Donald Carroll Yes, you must rehearse your adlibs.

Studs Terkel Oh, you gotta rehearse your adlibs!

Quentin Crisp That's right.

Studs Terkel But then you become

Quentin Crisp In fact, style is the continuous rehearsed adlib.

Studs Terkel But what happens to spontaneity?

Quentin Crisp There isn't any.

Studs Terkel You're a spontaneous person at times, that is, when -- you don't always say the same thing.

Donald Carroll Even when he talks in his sleep he does.

Studs Terkel He does.

Quentin Crisp I tend to say the same kind of thing. No, you don't always -- I do repeat myself a great deal. But then that is because I'm always asked the same

Donald Carroll And the reason he's asked the same question is that he's the same person and everyone knows exactly who Quentin Crisp is.
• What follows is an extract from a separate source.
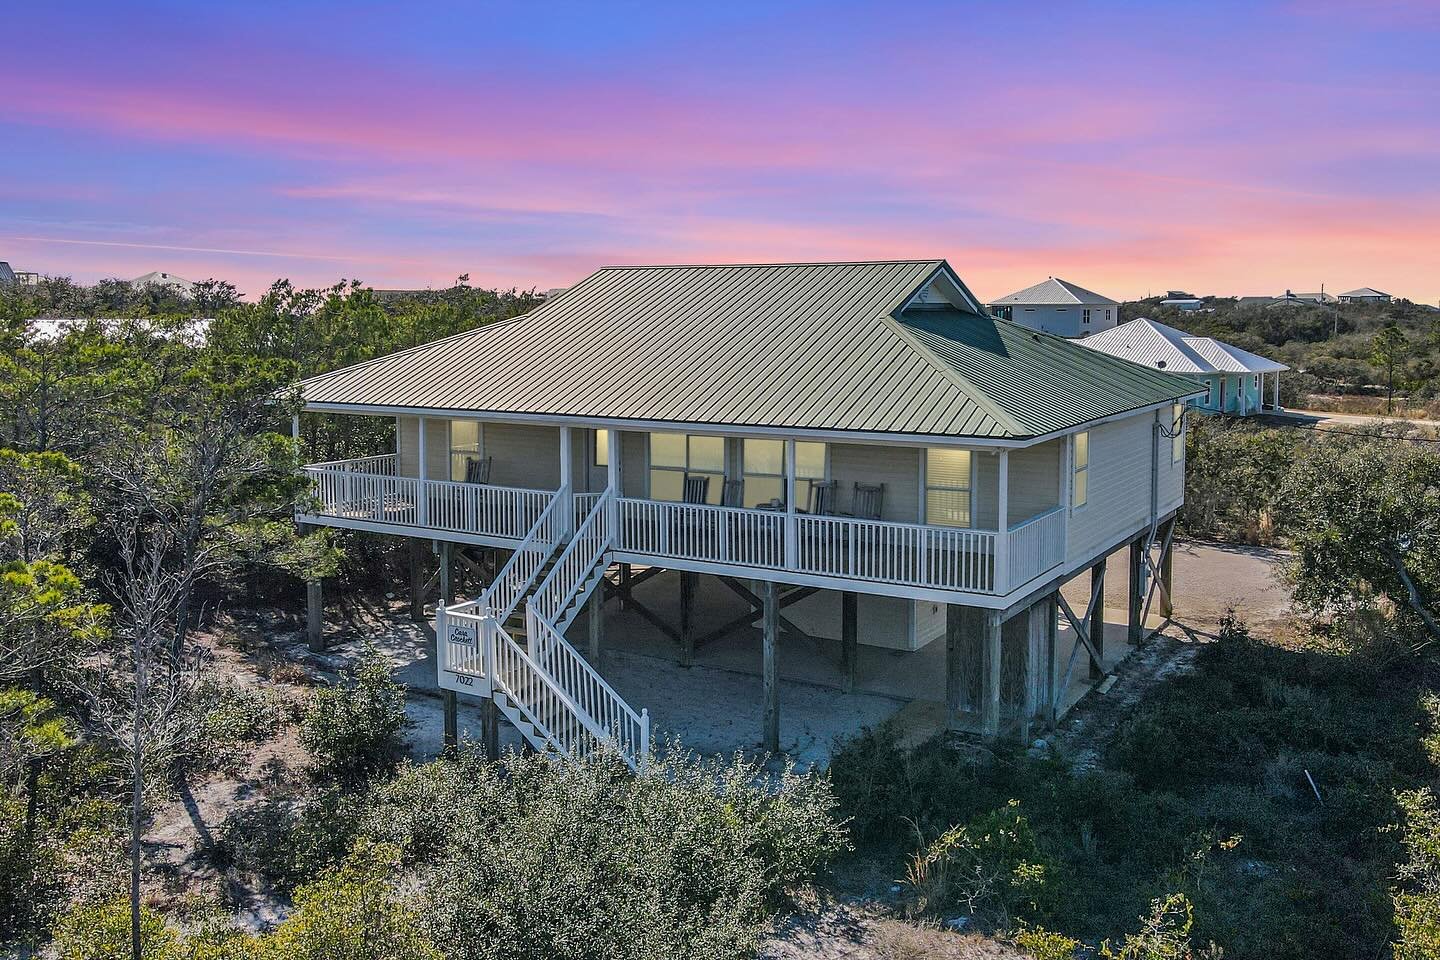 This spacious beach home has been under the Beats Working umbrella for the last five years. Offering 5 bedrooms, 3 baths, a large open concept living space perfect for entertaining the entire family, ample outdoor space, and easy beach access (it&rsq
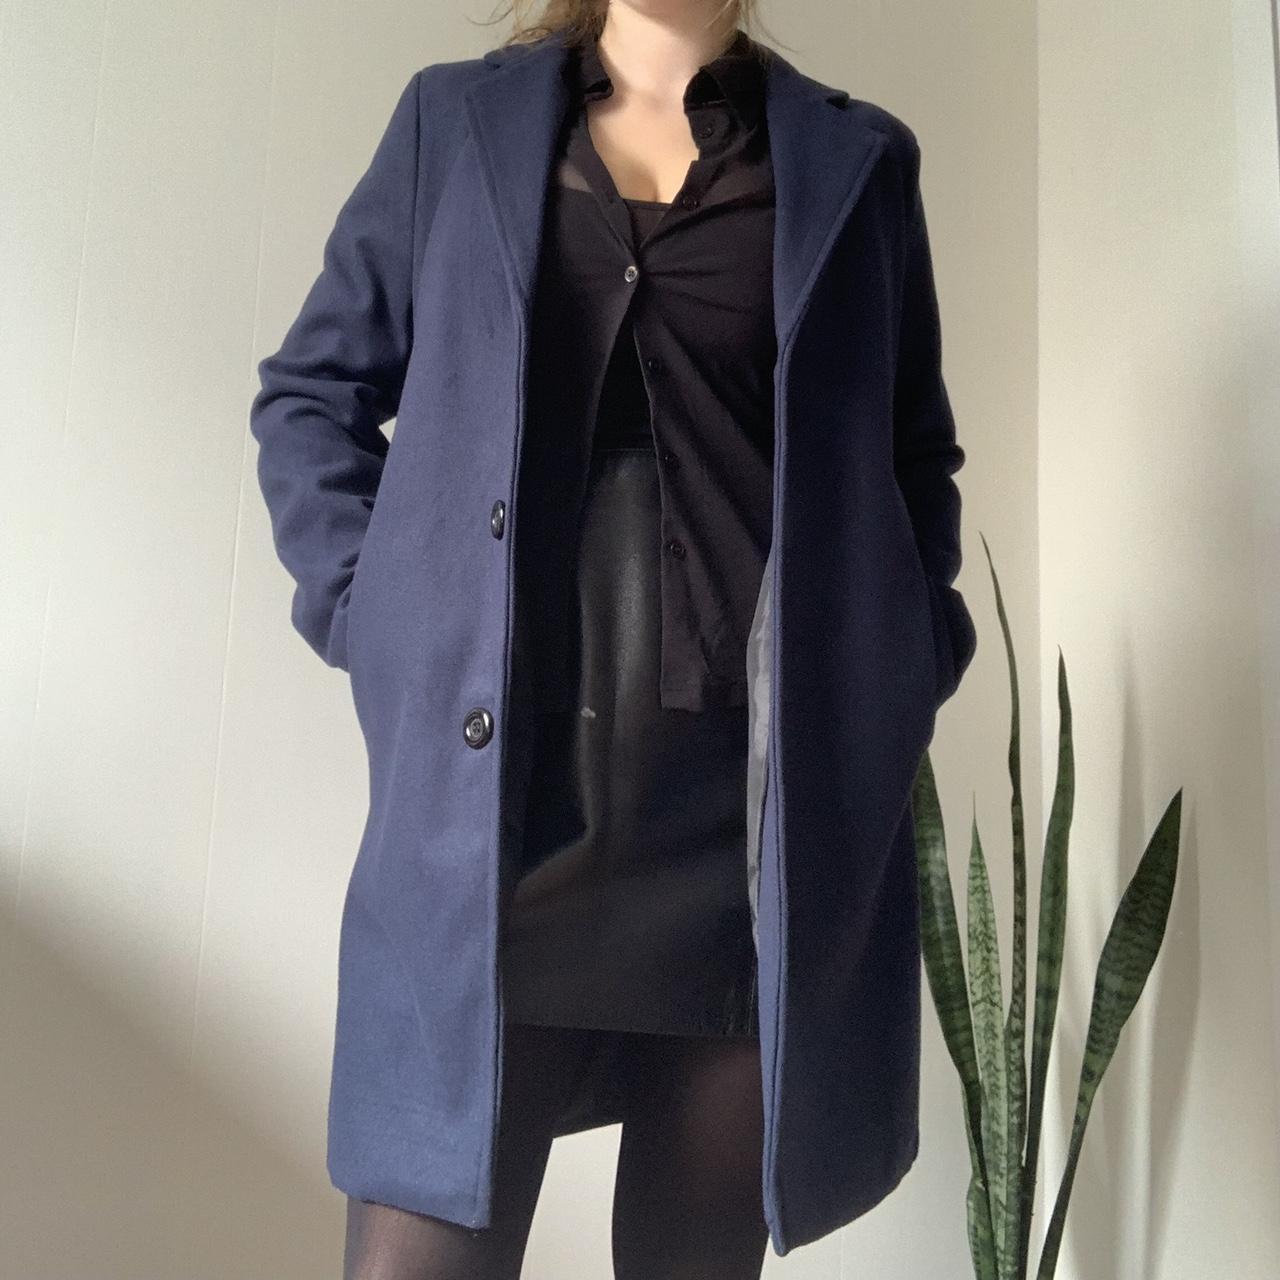 Women's Navy and Blue Jacket

That's -- goes back to what I was saying earlier. Nobody asks him about the weather.

Studs Terkel Well then, I'll ask you a non-predictable question, you know, that there's an inconsistency here in the consistency of Quentin Crisp. That's a comment, I meant, not a question. And that's, because you yourself may have, when you were a small boy or a young man walking down the street and you're dressed, you know your hair has a certain tint to it, and there's rouge, and you're walking down with a certain walk, that may have well have been in your mind as you've left, but you encounter -- of course maybe what you encountered was always the same, I don't know. Don't you encounter something that may surprise you? Therefore you must behave spontaneously and not in a rehearsed manner to what happens.

Quentin Crisp You do meet surprises. You do meet people that actually egg you on to be like yourself, instead of saying, "Why, what gives you the idea that you have the right to flout the conventions that we accept?" But there are people who actually urge you on, so this was in the beginning a surprise, but my attitude is still the same, just as I would never defend myself, so even if praised wrongly I would still thank people.

Studs Terkel So that's part of the consistency. We're coming, Donald and Quentin, thinking about age, age and style, because you are now 72.

Quentin Crisp Yes.

Studs Terkel And of course you still have that air of ease and being yourself always, not simply an older person. See, we use euphemisms, senior citizens, afraid to say old person. So we say senior citizen, you know. Or when someone says, "Oh, look at her, she's 80 years young," as though being old was something shameful. Whereas you do precisely the opposite. You accept what you are.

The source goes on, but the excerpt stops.